The top three diagnoses for this patient are all related to premenstrual conditions.
Premenstrual dysphoric disorder (PMDD) is the first most common condition. The conditions cause a woman to be very irritable, anxious, or sad a week or two before her period starts. Most of the time, the symptoms go away once the period starts. The cause is unknown, but it is thought that the changes in hormones that happen during menstruation play a big role. It is always thought of as a very bad case of premenstrual syndrome. (PMS). But PMDD can sometimes be so bad that it makes it hard to live and work. This is because it can cause extreme mood swings. (Beddig et al., 2019).

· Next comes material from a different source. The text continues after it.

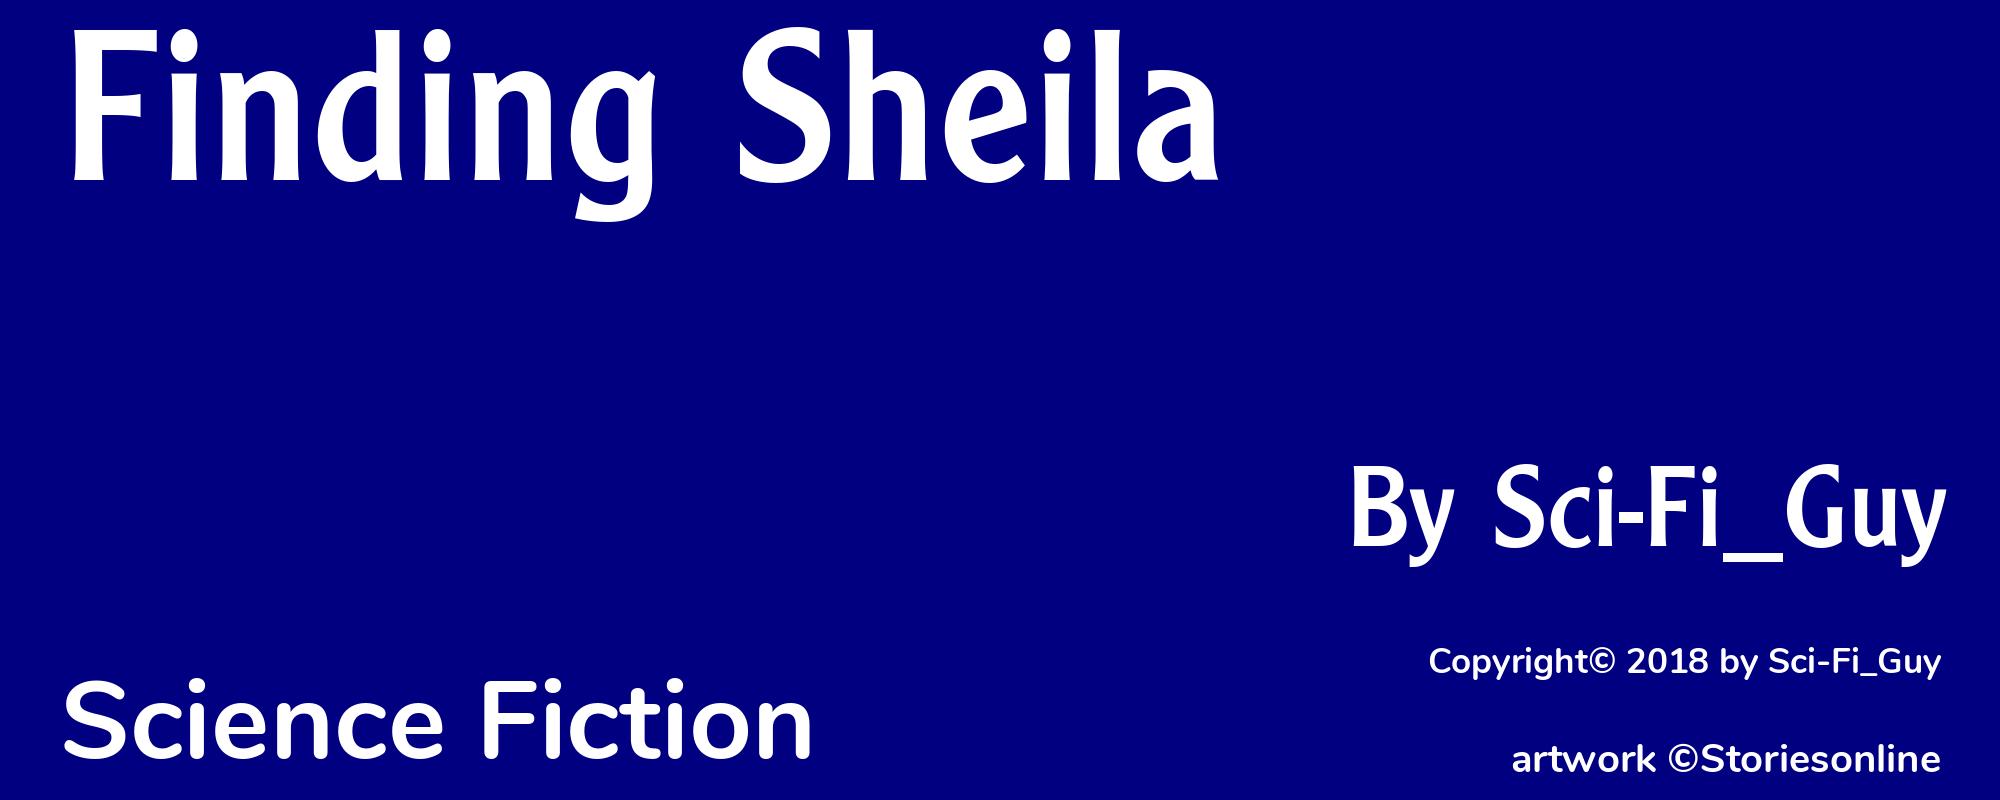 Finding Sheila - Cover

PMS is the second most common illness. This is a group of different signs that start two or one weeks before your period starts. Some of the signs that a woman is getting close to her period are bloating, moodiness (like the client in the case study), and headaches. Women whose moods are affected by changes in hormone levels in the body may have worse symptoms than other women. Most women with PMS have a health problem that gets worse when they have their period, like depression or worry, as shown in Hofmeister and Bodden. (2016)
Hormonal changes are the third possible cause. Hormone levels change a lot before, during, and after a woman’s period. These changes have a big effect on how she feels and can make her tired, among other things. Changes in hormone levels can also cause problems with the monthly cycle, but most of the time, they are the main cause of mood changes. So, it’s important to check this with the client. (di Scalea & Pearlstein, 2017).
Etiology
PMDD is the main diagnosis for this person. Reid and Soares (2018) said that the main cause of this condition is not well known, but hormonal imbalances are a big part of what causes it. Serotonin is a neurotransmitter that controls mood. Its amounts change during a woman’s menstrual cycle, and some women may be sensitive to these changes. More questions would need to be asked about the client’s mental health background, the regularity of her cycle, and other symptoms like headaches, pain during her period, and the length of time it takes for her period. These questions will help rule out other possible causes.
Approaches with Drugs, Without Drugs, and Health Education
Carlini and Deligiannidis (2020) say that Sertraline or Fluoxetine, which are serotonin reuptake inhibitors (SSRIs), will be given to the client as antidepressants. This will help keep the amount of serotonin in the brain in check. Also, birth control pills like drospirenone and Ethinyl estradiol can be given to help with PMDD. Dietary changes and physical exercise will be used as non-drug treatments.The patient will be taught ways to deal with stress and anger, such as how to rest, to help control the anger and any other stress that might make the mood swings worse. To treat PMDD, the client will learn how to exercise and make changes to her diet (like cutting back on sugary and salty foods). Also, the client will have to go to any health center if she starts to think about hurting herself.
References
Beddig, T., Reinhard, I., & Kuehner, C. (2019). Stress, mood, and cortisol during daily life in women with Premenstrual Dysphoric Disorder (PMDD). Psychoneuroendocrinology, 109, 104372.
Carlini, S. V., & Deligiannidis, K. M. (2020). Evidence-Based Treatment of Premenstrual Dysphoric Disorder: A Concise Review. The Journal of clinical psychiatry, 81(2), 0-0.
di Scalea, T. L., & Pearlstein, T. (2017). Premenstrual dysphoric disorder. Psychiatric Clinics, 40(2), 201-216.
Hofmeister, S., & Bodden, S. (2016). Premenstrual syndrome and premenstrual dysphoric disorder. American family physician, 94(3), 236-240.
Reid, R. L., & Soares, C. N. (2018). Premenstrual dysphoric disorder: contemporary diagnosis and management. Journal of obstetrics and gynaecology Canada, 40(2), 215-223.